Terry Todd asked,
| Is there a way to use procmail or any other commands piped together
| to context grep through a large mail file coming from stdin? I have
| used split to chop them up but it would be so much nicer if I could
| just grep out the entire message based on "^From: blah(_at_)blah" or
| "^Subject: blah blah" that I wanted to keep and throw the rest away.
Absolutely. If the input contains one message,
procmail < input
If it contains two or more messages,
formail -s procmail < input
or, if there is not always a blank line between the end of one message and
the start of the next,
formail -es procmail < input
If you need to use a different rcfile from ~/.procmailrc, name it on the
command line [formail -es procmail .specialrcfile < input, for example].
The major caution is that the rcfile should not tell procmail to append to
that same input (nor should that input be $DEFAULT or $ORGMAIL); otherwise
procmail will keep finding new messages at the end and never stop.

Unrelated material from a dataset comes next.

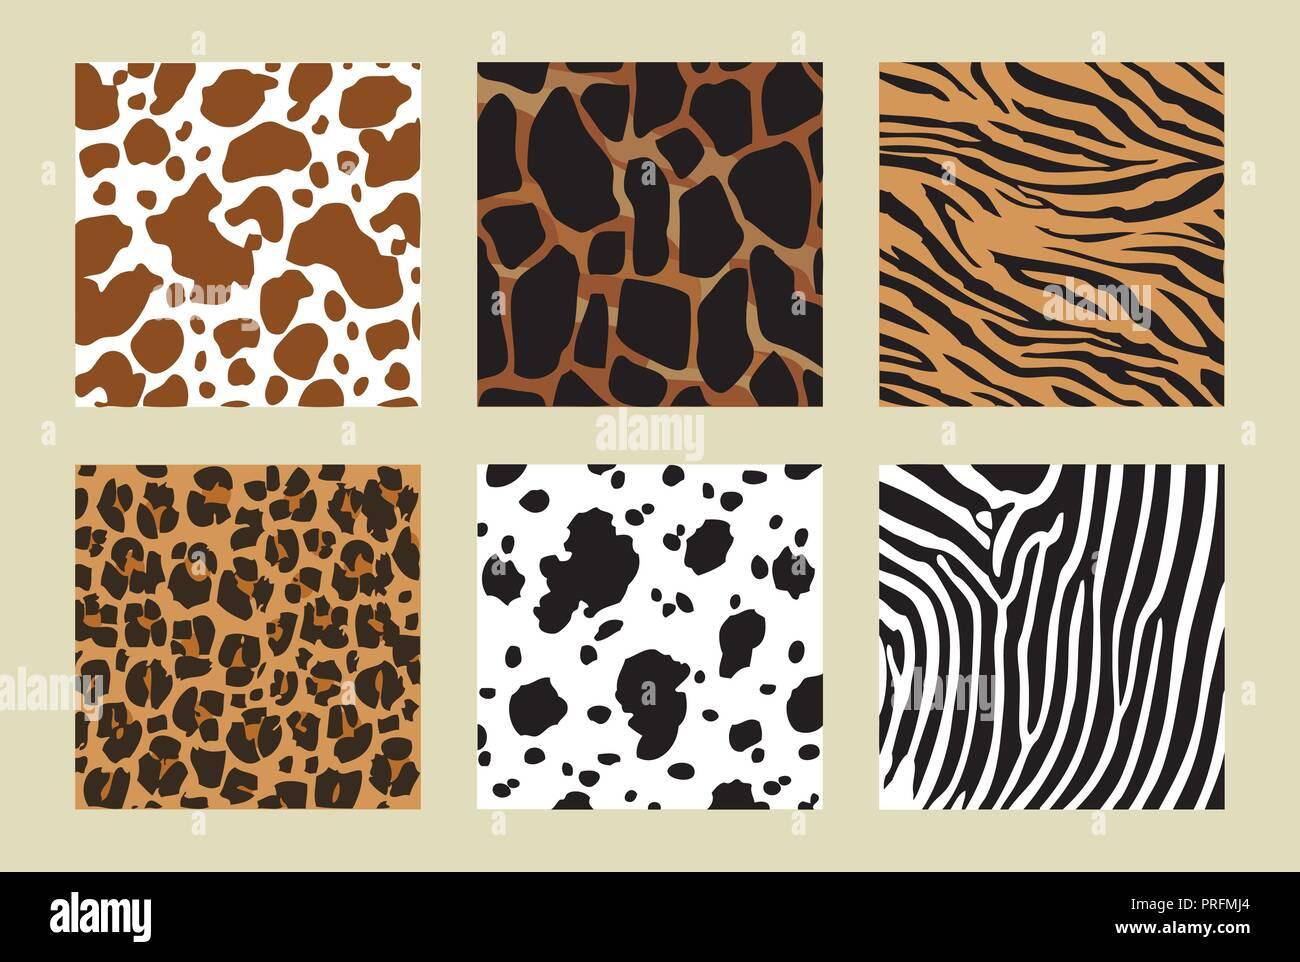 animal skin pattern. six different pattern. Vector illustration - Stock Vector

To
prevent that, do one of these:
1. mv the input file to a name that the rcfile doesn't use (and also is not
$DEFAULT or $ORGMAIL);
2. find the number of messages in the input file first and use that as a
numeric argument to formail (say there are 32 messages; then make it
formail -32es procmail < input); two ways to find that out are
a. grep -c '^From ' input
b. FILENO=1 formail -es printenv FILENO < input | tail -1
(The latter looks messier but it won't be fooled by a body line beginning
with "From " that is protected by a Content-Length: header instead of being
escaped with a greater-than sign.) Then formail will stop after that many
messages; or
3. include some loop detection, such as an X-Loop: header or an ID cache, and
throw out any message that is going back for seconds.